Stanford Accused of Destroying the Environment to Water Golf Course

Stanford Accused of Destroying the Environment to Water Golf Course

American Rivers, a staunchly environmentalist group, is accusing Stanford’s Searsville Dam of being the culprit in the endangering of San Francisquito Creek, writes Carolyn Lochhead of the San Francisco Chronicle. The dam was built in 1892, and has been used to irrigate the lawns and the golf course of Stanford University. American Rivers is focused on the Creek, saying it “is unique because it remains one of the only San Francisco Bay streams that is not confined to a concrete channel.” The group is concerned because the dam blocks the migration of native steelhead trout.

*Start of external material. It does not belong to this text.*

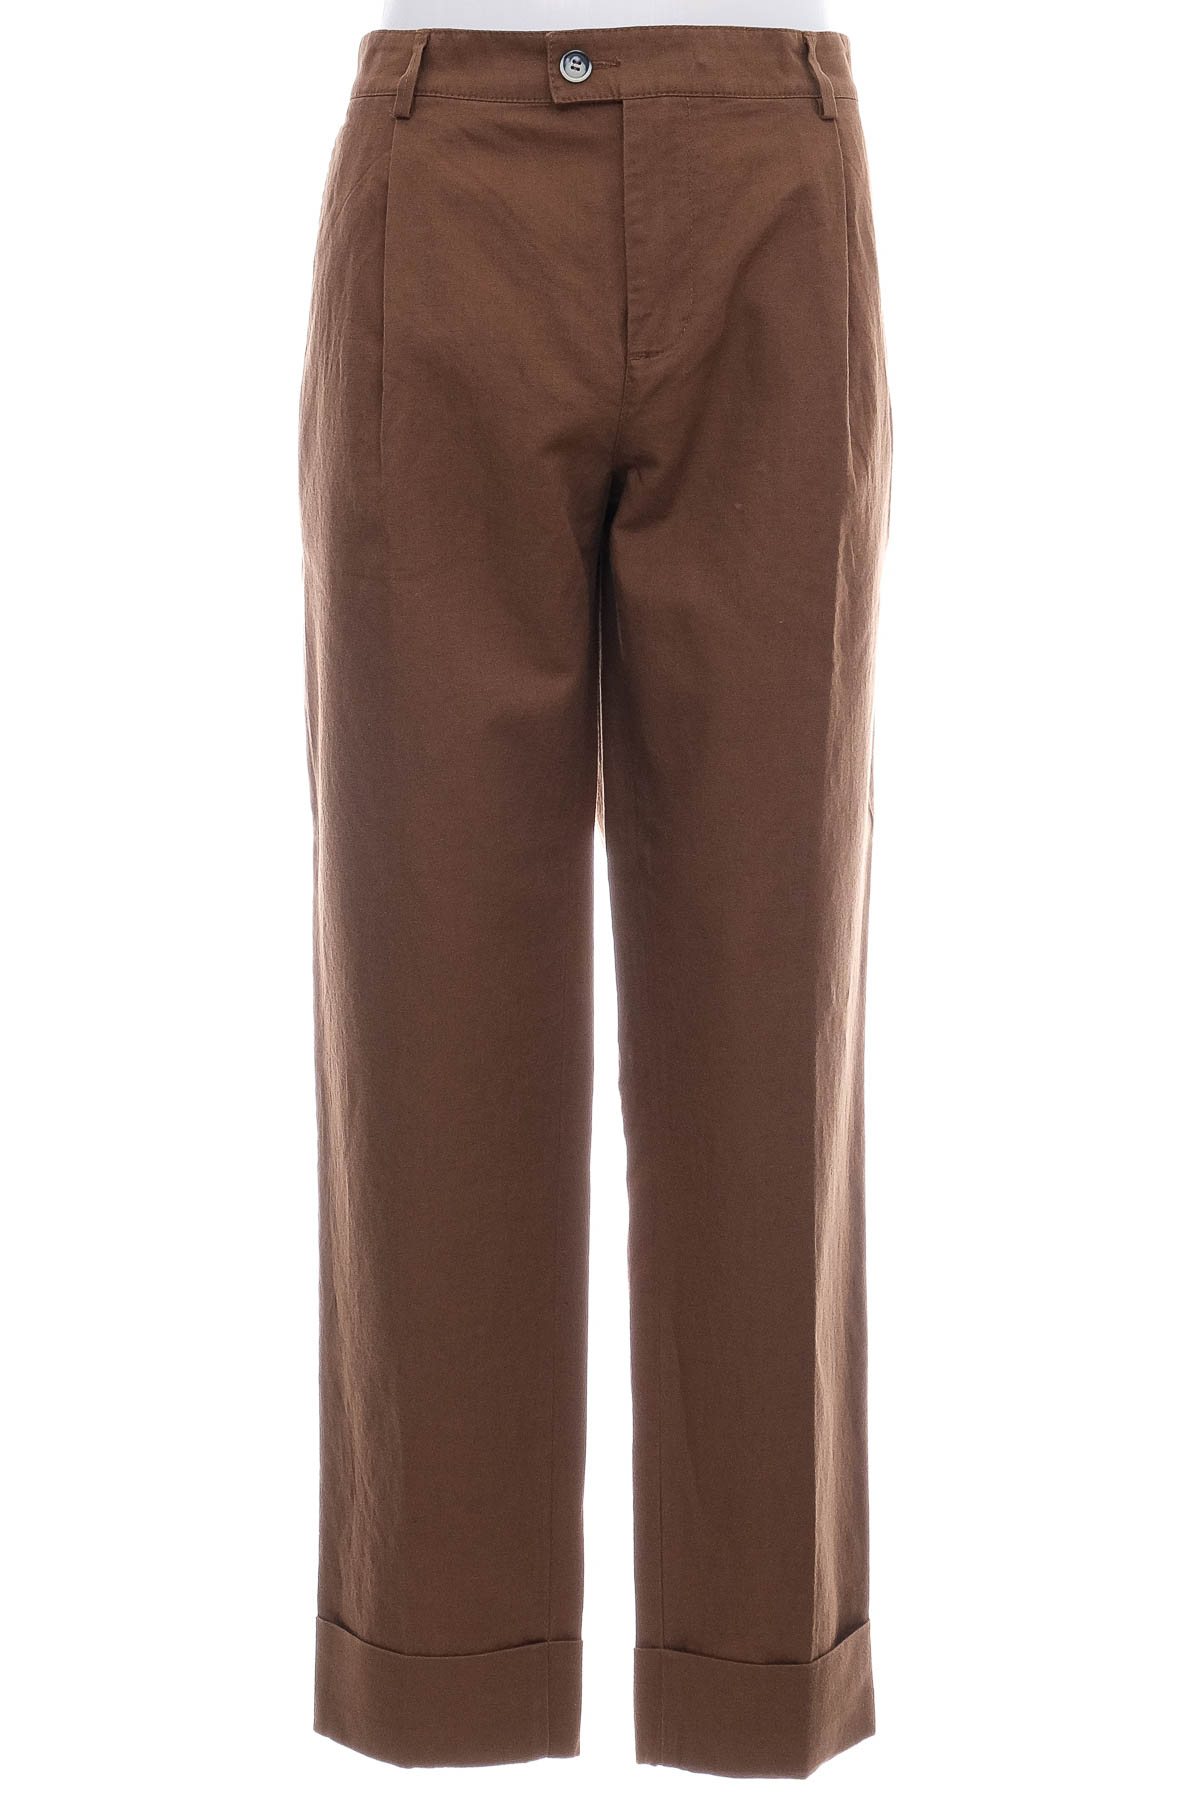 Pantalon pentru bărbați - United Colors of Benetton - 0

The founder of Beyond Searsville Dam, a group opposed to the dam, is Matt Stoecker, who told the Chronicle, “Stanford is constantly talking about how sustainable their campus is, and what Searsville mostly feeds is a huge golf course.”

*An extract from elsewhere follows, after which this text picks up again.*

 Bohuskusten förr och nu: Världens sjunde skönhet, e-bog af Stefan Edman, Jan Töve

But Stanford spokeswoman Lisa Lapin argued, “When there have been diversions from Searsville, it has only been during periods of extraordinary flows from a recent storm. In that case, the water is used for agricultural irrigation, fire protection and landscape irrigation.” She add that because of the massive silt in the reservoir, “almost all water passes through as it would flow through the creek.”

Stanford has promised to address the problem with the dam by the end of 2014, possibly even removing it.

California is in the midst of one of the worst droughts in its recorded history, with water supplies at critical levels in many rural communities. Northern California in particular has begun to implement water restrictions, and recent rains and snowfall in late winter and early spring have not done enough to mitigate the effects of the drought.

In addition, environmental groups have been targeting dams, notably the O’Shaughnessy Dam that provides water to San Francisco from the Hetch Hetchy Dam. The activists want to restore the natural flow of rivers and the migration of fish, arguing that water conservation could make up the difference in water supply.